Del tipo: abbiamo fatto i sacrifici, adesso dateci il welfare, dateci l’aumento
dei salari. Sono state lotte più che significative: come ha anche dimostrato
Branko Milanović in via econometrica, senza l’aumento dei salari cinesi la
diminuzione della povertà nei paesi extraoccidentali non si sarebbe data. Il
divario tra Nord e Sud del mondo è assolutamente cresciuto, così è cresciuta la
polarizzazione sociale dentro i paesi occidentali.

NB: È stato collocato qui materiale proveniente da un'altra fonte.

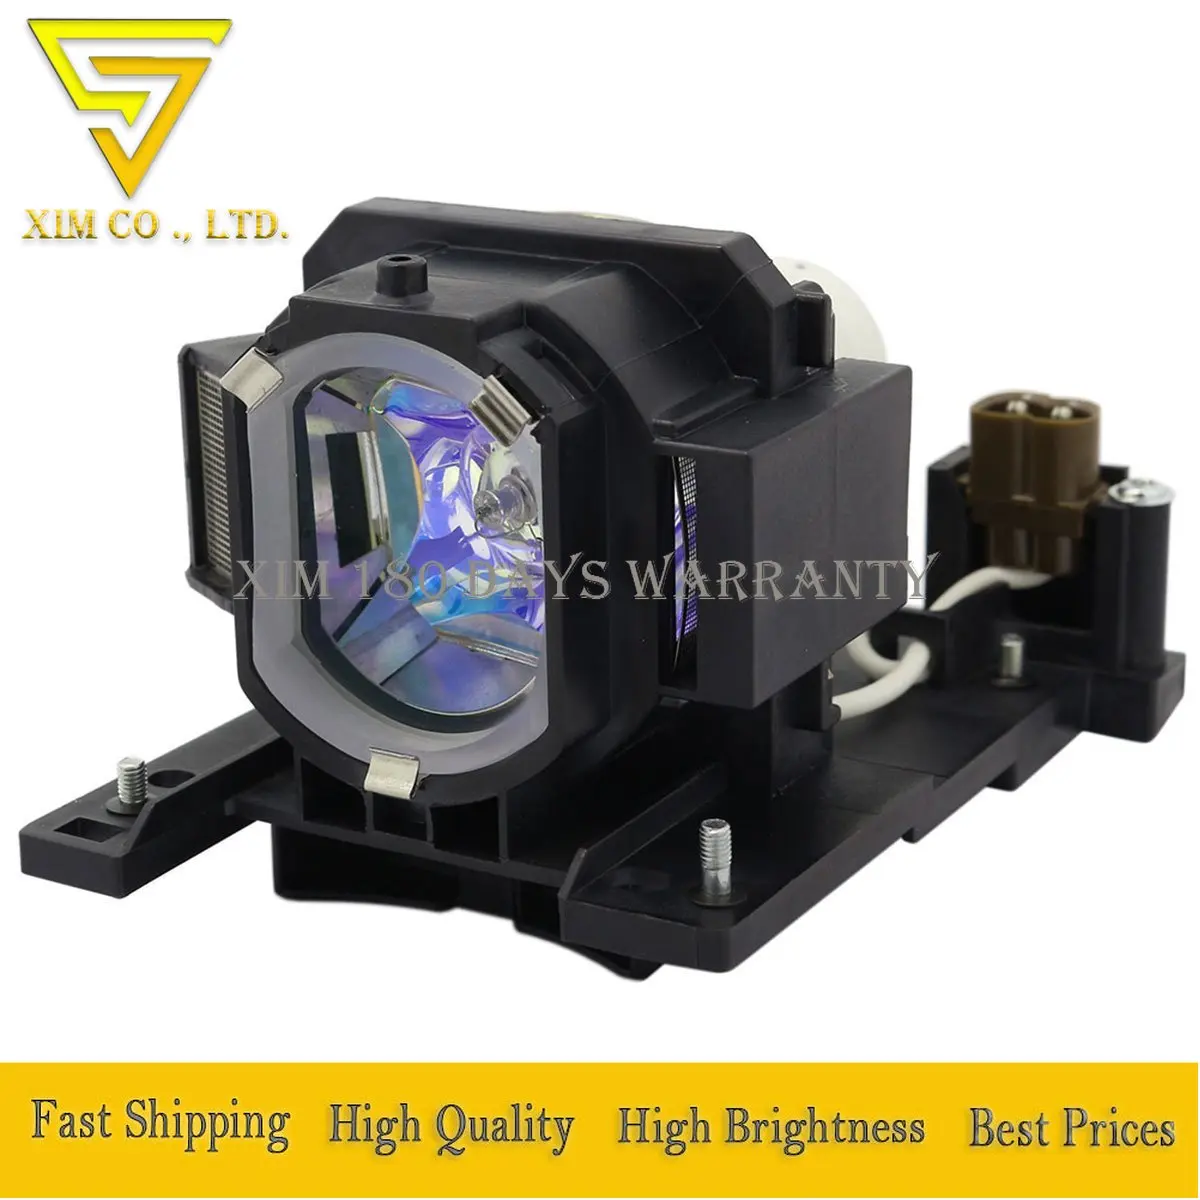 high quality DT01022 DT01026 Replacement Lamp with Housing for Hitachi CP-RX80W CP-RX78 ED-X24 CP-RX78W CP-RX80 projectors dt01431 replacement bare lamp for cp x2530 cp x3030wn cp x2530wn hitachi projectors with 180 days after delivery
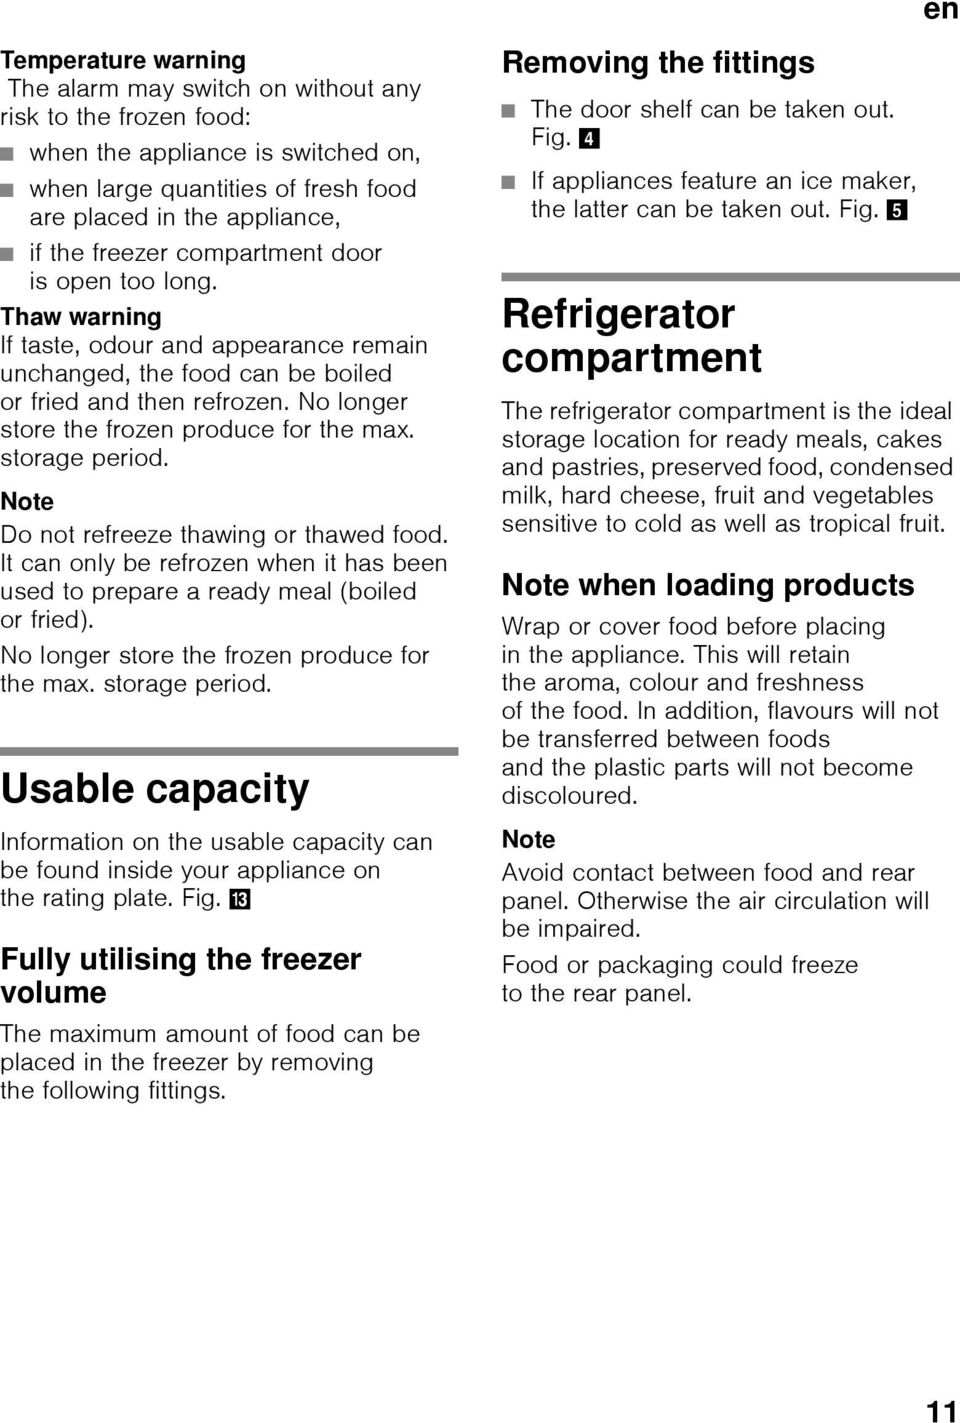 storage period. Note Do not refreeze thawing or thawed food. It can only be refrozen when it has been used to prepare a ready meal (boiled or fried). No longer store the frozen produce for the max.

Il dibattito a sinistra pian piano si è ripreso, ma all’inizio dell’eurocrisi e
dopo il 2008 rimaneva impastoiato in termini ancora molto, molto confusi e in
altrettanto vaghi ricordi keynesiani: “ah, la finanza è parassitaria e la
produzione reale è buona”. Il problema dell’imperialismo consiste però proprio
nel fatto che è un intreccio di finanza e produzione, dove si tratta di capire
chi dirige questo intreccio e chi lo utilizza pro domo sua. Difficoltà a non
finire. Per esempio, con l’eurocrisi tutti ce l’avevano solo con l’euro o la
Germania, senza vedere che dietro la Germania ci sono gli Stati Uniti. Una
confusione incredibile, perché comunque le nuove generazioni venivano da venti,
trent’anni di euroliberismo che aveva fatto terra bruciata delle categorie
critiche, non solo marxiste. Persino l’analista in Italia più autorevole che in
qualche modo cerca di rimettere in campo categorie marxiste, cioè Brancaccio,
fino a poco tempo fa guardava fondamentalmente al global imbalances, ovvero il
surplus sui deficit di commercio e non di capitali; ma va detto che ultimamente
sta ricentralizzando la sua attenzione sui flussi di capitali.
Dunque, voi vi aspettavate qualcosa su Trump e il trumpismo, no? [Risate] Ho
parlato parecchio, ma a questo punto direi che potremmo avere qualche strumento
in più per inquadrare ciò che sta succedendo, però 1) senza fare previsioni,
perché quando l’economia mondiale inizia a ballare nelle sue variabili, saltano
tutte e 2) senza cadere in un’eccessiva coerentizzazione, perché può esplodere
la disarticolazione di tutto quanto e irrompere il caos generale.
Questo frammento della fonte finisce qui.